风墨立刻回头去搬救兵,不行了,他必须得立刻通知萧子寒和风子山,里面人武功很高,小西很危险。
小西脚刚落地,就看见里面屋门大敞,屋内的景象却把他给惊呆了!
江林面孔纸一般的苍白,额前的头发都湿淋淋的贴着,他双手紧贴斐儿双脚脚底,而斐儿腿上的裤子像灌了风一样鼓了起来,有的地方已经撕裂。
斐儿极度痛苦的喘息着,小小的面孔扭曲成一团,他很痛!痛得发抖,痛得想立刻死去,甚至痛到忍不住开始尖声惨叫。
几百个日日夜夜的沉默,几乎让他失去了说话的本能,不想说话,不想发出声音!
因为他曾经在黑暗中失声惨叫,满面泪流,苦苦哀求,可是没有用,没有人愿意救赎他,一直到他的双手双脚被反复折断,一寸寸的敲碎!痛昏过去到再度痛醒。
所以他发誓,他不再相信任何人。
可是半年来,冰凉的心却被师爷一点点儿暖热,师爷无微不至的照顾,毫无原则的妥协让他感觉到被宠爱的温暖。所有身边的人都带着一种愧疚在纵容他。天山派门规素严,从小他便被父亲教导,严加约束,恪守规矩。可是这次,他甚至自己对父亲百般无礼都没有得到惩罚,这种被放在手心里小心呵护的感觉,填满了他心里曾不堪忍受的阴暗。
当然,这种巨大的温暖同时也让他差点儿就忘记曾经的伤痛。
小小身体里的筋脉被一点点劈开的感觉,记忆中不堪忍受的痛再次回来,不同的是,这次让自己这么痛的,是自己的父亲!
他忽然就觉得无法忍耐,他想再试一次,恳求,哀求,是不是会得到回应?
江斐哭道:“爹!”
江林一头大汗,虚弱的声音轻轻道:“乖!斐儿乖,再忍忍,就好了。
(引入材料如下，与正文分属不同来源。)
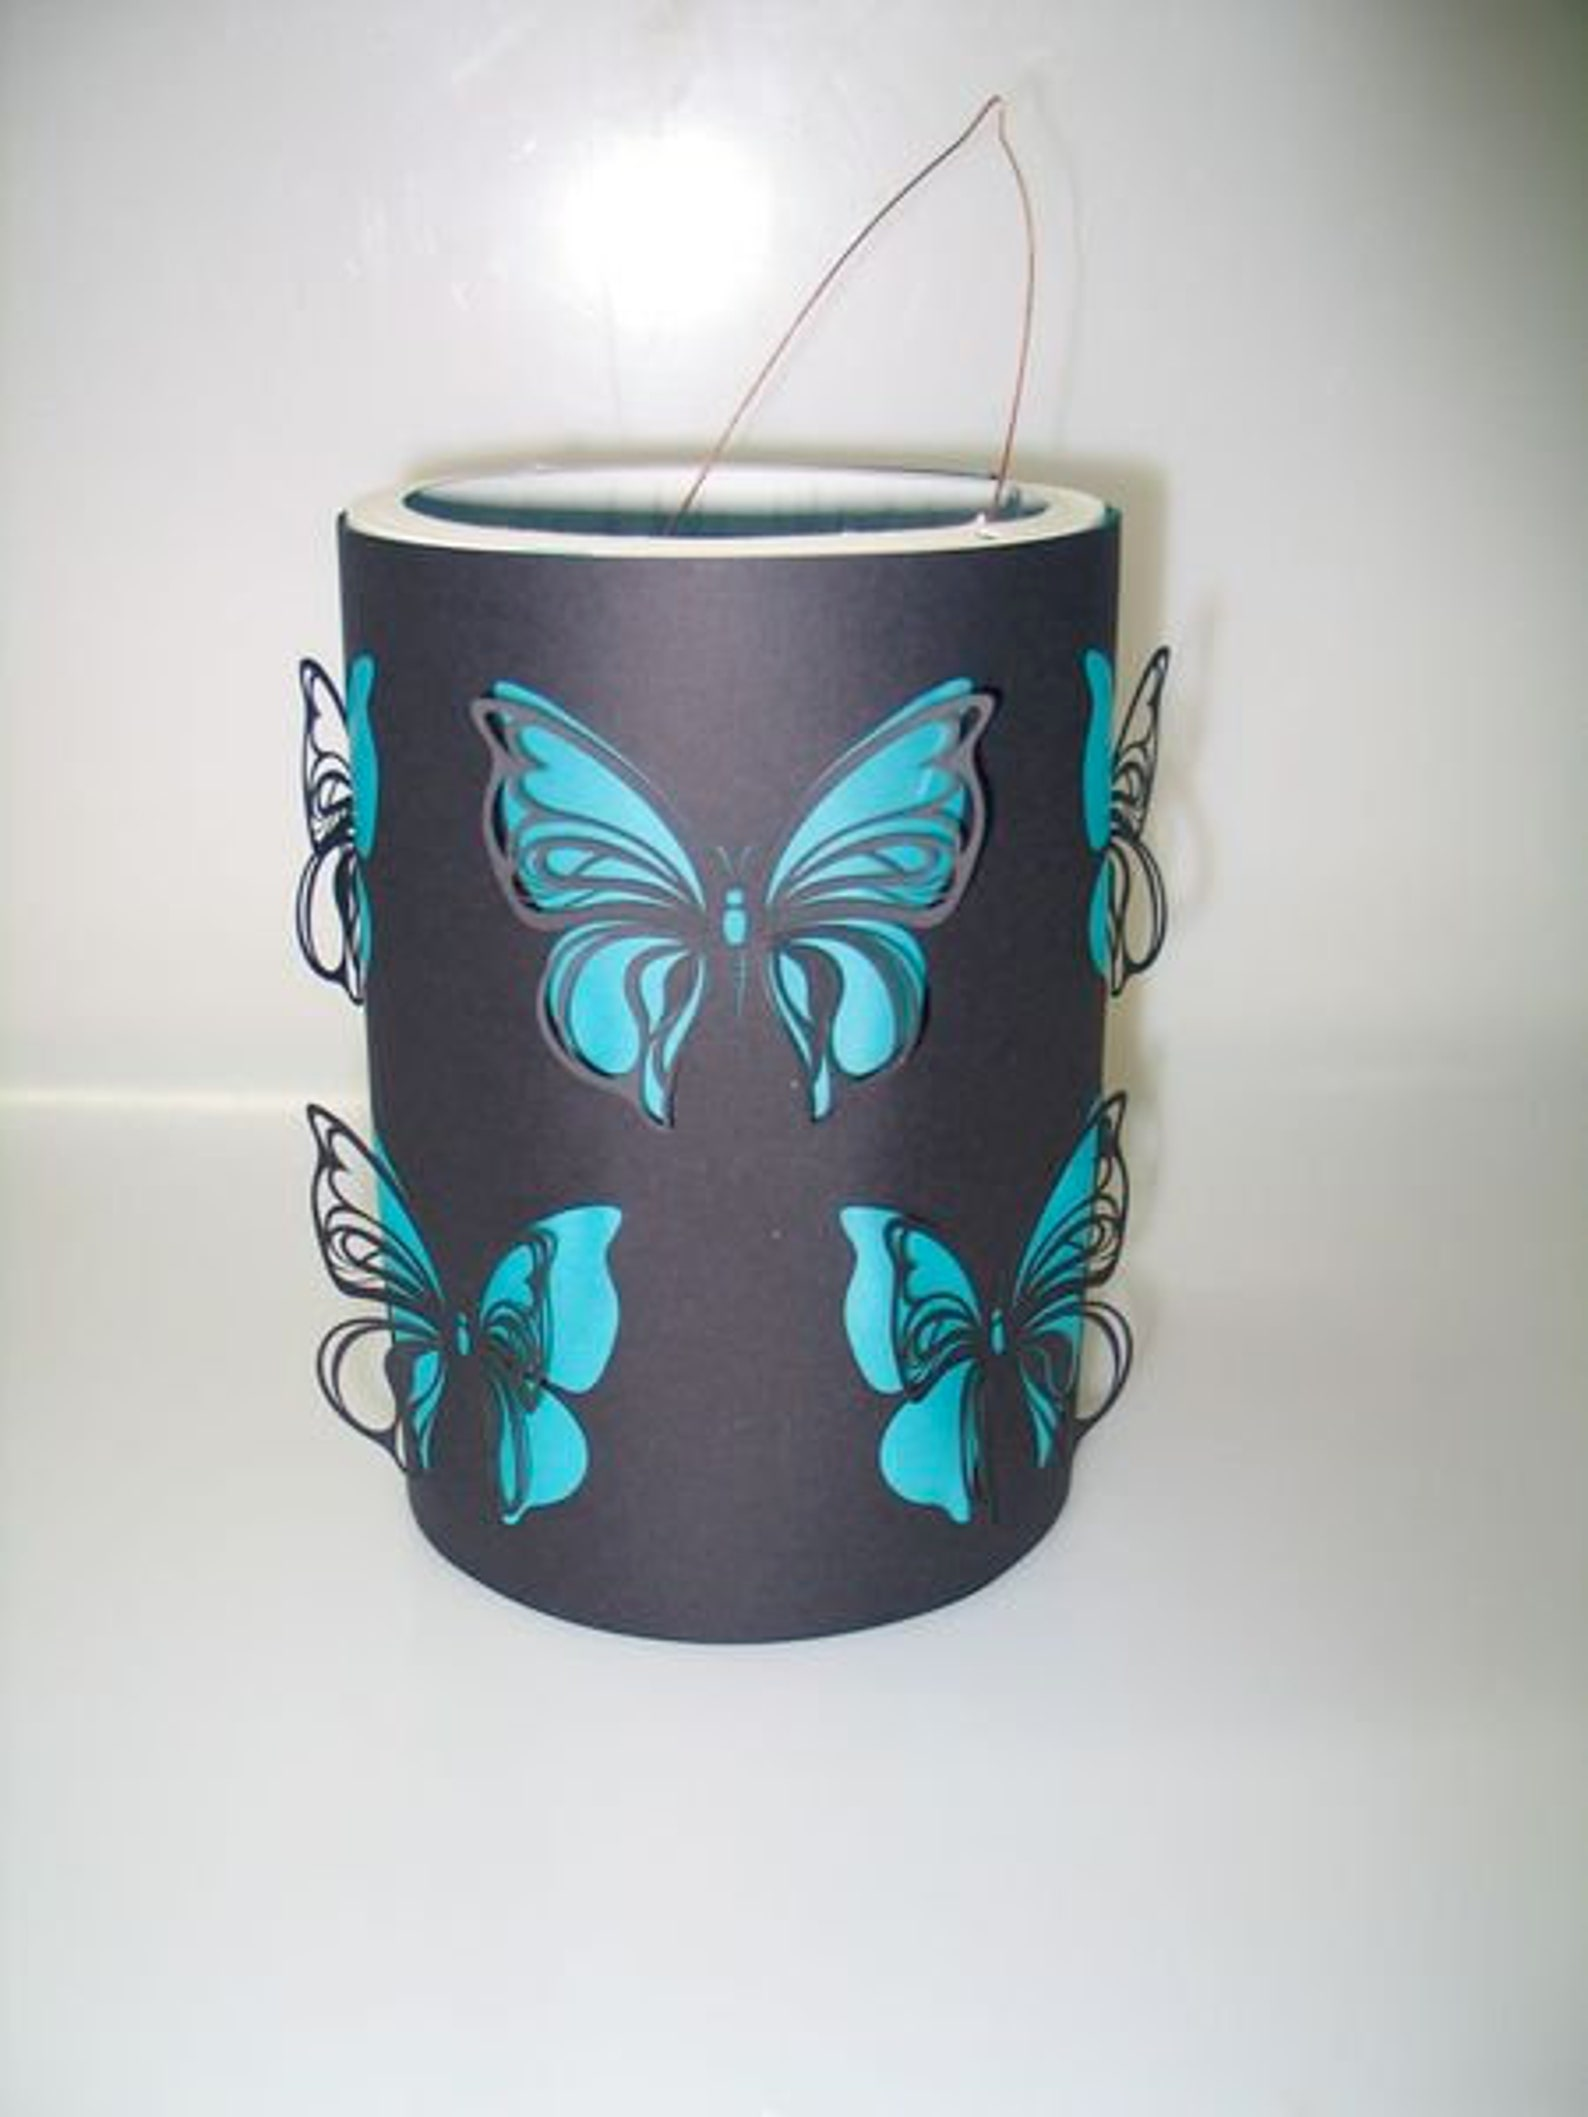 Craft Set Lantern Butterfly, St. Martin's Lantern, Halloween Lantern, Lantern Crafting for Lantern Parade

”他再加一点力,身体已经不听从他的控制,内里源源不断地冲出,又倒回来跟向前冲的内力相撞,腹痛如同刀绞。
也许是父子天性,也许是他看到爹爹面无人色,坚毅的额角上暴凸的青筋,冷汗将衣服湿透,这一切都显示着父亲也许有比自己更多的疼痛。
江斐闭紧嘴巴,极力忍着,嗬!父亲让他忍忍,告诉他,就快好了!他心里有些感动,虽然他小小年纪,可也知道父亲是在为他疗伤,他僵硬的双腿正在渐渐发热,烫的吓人,同时他感觉到有一股气流在腿上渐渐流转。
小西骇异的看着眼前的一切,很明显他能看得出来江林头顶热气腾腾,那是功力发挥到极限才能造成,他觉得心口发紧,嗓子发涩,说不出话来。
江林看到他进来,朝他轻轻点头示意,他已分不出精力多说话。
小西跪下猛摇头,大哭:“大师兄!你不能,求你了大师兄!”
江林很干脆的闭上眼睛,既不回答也不停手。
小西见大师兄不理,悲声大叫:“大师兄,你要出了什么事,你让师父怎么办?一个斐儿就让师父耗尽心力,就算你治好了斐儿,但如果你出事了,师父也难开怀,你这是逼死师父啊!”
江林睁开眼,凄然道:“西儿,大师兄犯了大错,师父不处死我已是开恩。现在我把所有功力给了斐儿,他会替我孝敬师父,也算是我为师父尽最后一点儿孝心。”
小西大惊!怎么?大师兄不只是给斐儿治伤这么简单?而是要将毕生修炼的内功传给斐儿?不!不!这绝对不可以!师父快来啊!
风墨半道上就遇到萧子寒,刚要禀报,萧子寒一挥手让他不要说了,前面带路。
正在这时,萧子寒和风墨进来。
看见江林,风墨一声不响的在萧子寒身后跪下。
萧子寒却乍见之下,宛如雷击,气得浑身颤抖不已,他当然知道江林在干什么,可此时他禁不住手脚冰凉,又急又痛。
他固然心疼斐儿,可是江林却是他幼年抱来,数十年悉心教养,待若亲生儿子一样,数十年天伦之乐,师徒相伴,一起渡过孤寂的岁月,他就算再气,就算再恼,可从没想过要要了他的命,生气了最多不过就是打一顿,犯了大错也没想过真要了他的命。就为这事,他还跑到七绝山去偷偷苦求三师父,因为三师父曾欠了江林一个人情,这样的大事,如果三师父肯出头,其他几个师父也不难被劝动,可他没想到,江林一回来就给他出了个这样的难题。
江林见自己师父来了,清澈的朗目中浮现一丝惊慌,再也没有刚才的坚定自若,发白的嘴唇里几乎咬出血来,惨然的叫了声:“师父!”已泣不成声。
萧子寒闻声心头剧痛,眼前一黑,踉跄几步,一口鲜血喷溅出来,人几乎要昏厥过去,正在此时,一人赶过来扶住他,怒喝道:“混账东西,还不停手?”